The “biggest peacetime repatriation” of passengers stranded overseas after the collapse of Monarch Airlines is taking place. The UK CAA is organising flights to bring about 110,000 people home, chartering more than 30 aircraft and effectrively becoming the UK’s biggest airline for a short period.

Monarch Airlines went into administration at 0400 BST. It as the UK’s fifth biggest airline and is the largest ever to go bust. Passengers are being told not to go to the airport – there will be no more Monarch flights. An estimated 300,000 flights are affected.

Andrew Haines, Chief Executive of the CAA, said: “We know that Monarch’s decision to stop trading will be very distressing for all of its customers and employees.

“This is the biggest UK airline ever to cease trading, so the Government has asked the CAA to support Monarch customers currently abroad to get back to the UK at the end of their holiday at no extra cost to them.

“We are putting together, at very short notice and for a period of two weeks, what is effectively one of the UK’s largest airlines to manage this task.  The scale and challenge of this operation means that some disruption is inevitable. We ask customers to bear with us as we work around the clock to bring everyone home.

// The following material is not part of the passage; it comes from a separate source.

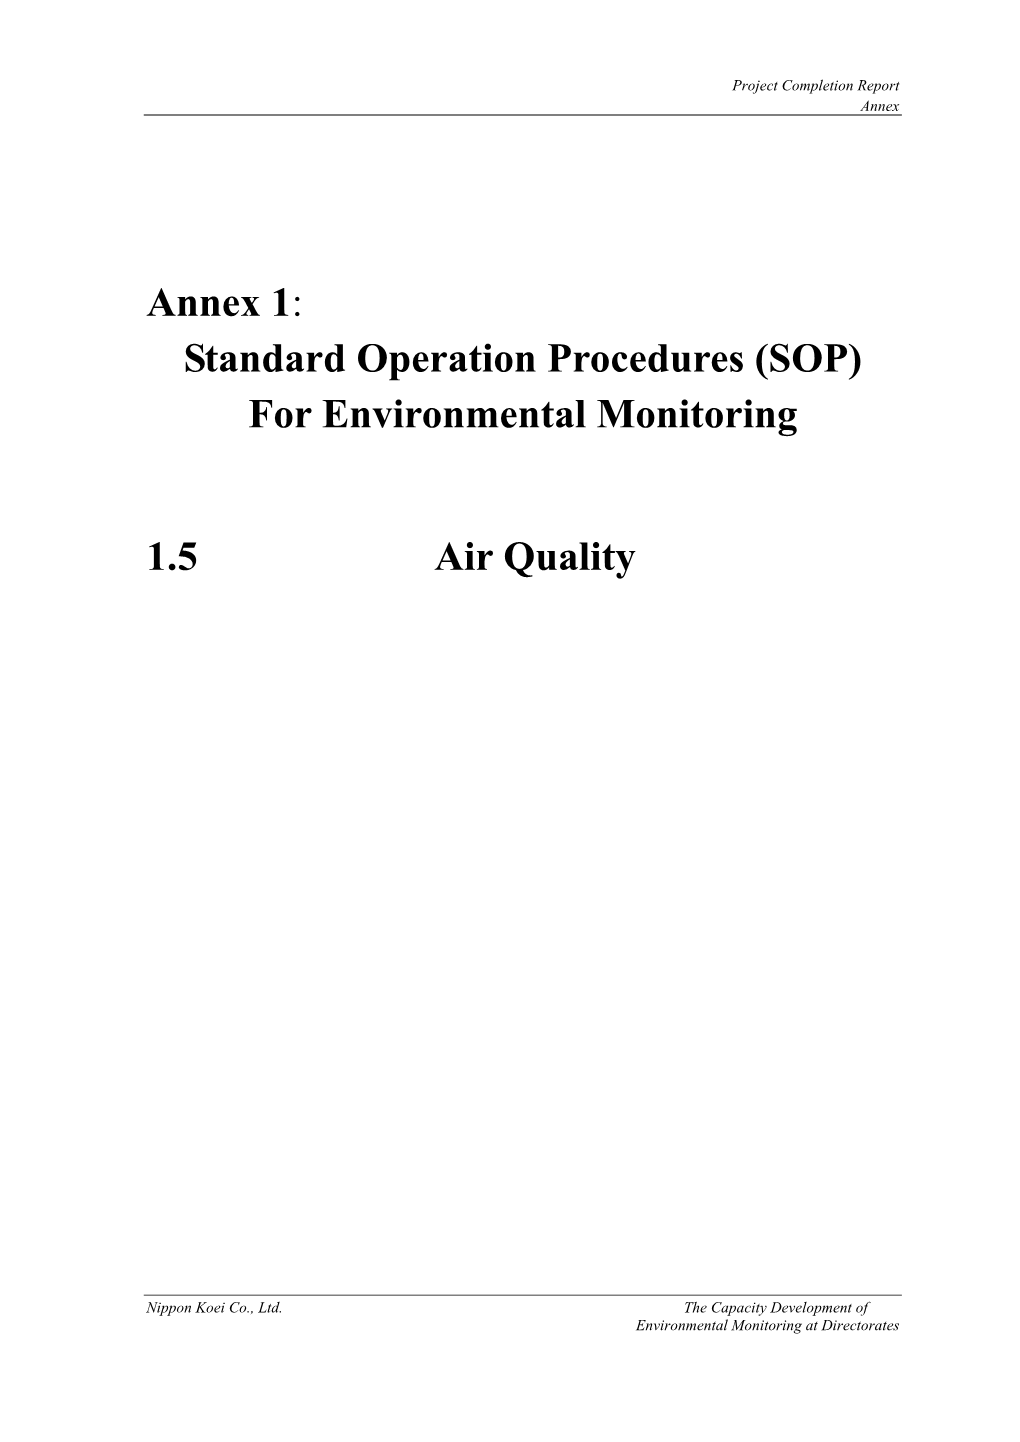 Annex 1: Standard Operation Procedures (SOP) for Environmental Monitoring

“We urge people affected by the company’s collapse to check our dedicated website for advice and information on flights back to the UK. It also gives information to those passengers that have future bookings with Monarch but are yet to leave the UK.”

Pilots and crew

Of course, it’s not just passengers affected. Pilots and cabin crew have lost their jobs.

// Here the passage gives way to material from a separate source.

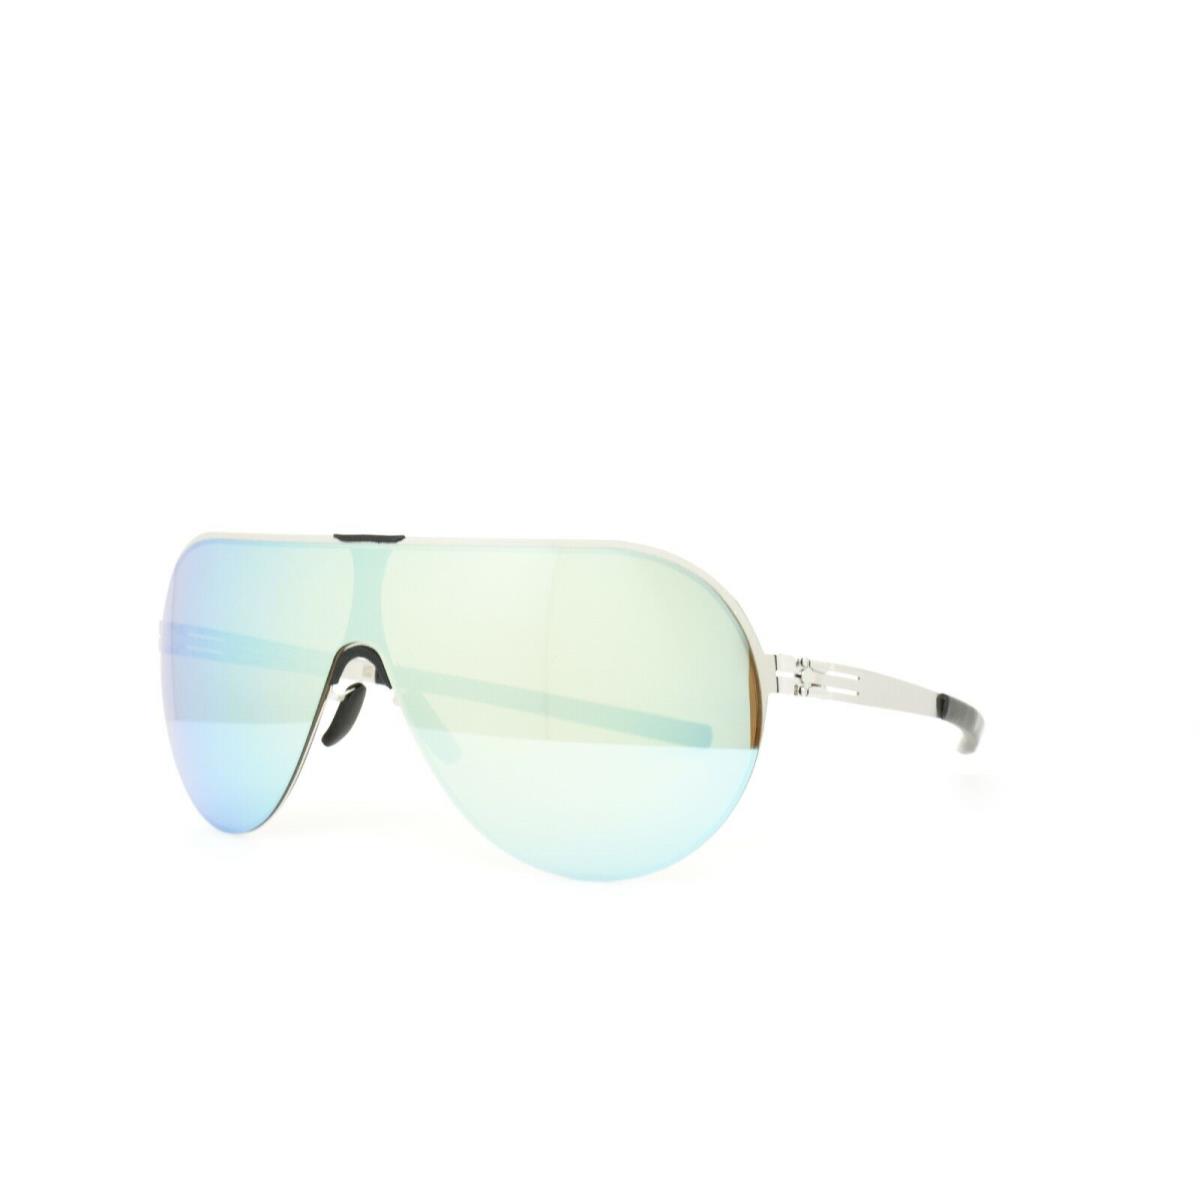 iC Berlin Sunglasses Panorama Chrome Black 138-0-145

Brian Strutton, general secretary of BALPA, the pilots’ union, said: “The thoughts of all UK airline pilots are with our friends and colleagues in Monarch today.

“This is an extremely difficult situation for everyone involved, but especially for Monarch staff members who, in the case of many pilots, have spent their whole careers working for Monarch and are now to be made redundant.

“We will be working with our partner airlines across the UK and with our Monarch members to try and help them secure new jobs as quickly as possible. The skill, experience and professionalism of Monarch pilots cannot and must not be allowed to ebb from our aviation industry.”

It has been suggested that Ryanair, with a current shortage of pilots, could benefit by employing Monarch pilots. However, the Monarch fleet is largely Airbus aircraft while Ryanair flies Boeing so it would take time to organise and retrain for a new type rating. Monarch had ordered 45 of the latest Boeing 737 MAX aircraft with the first due to arrive in 2018. No word yet on what’s happening to that order.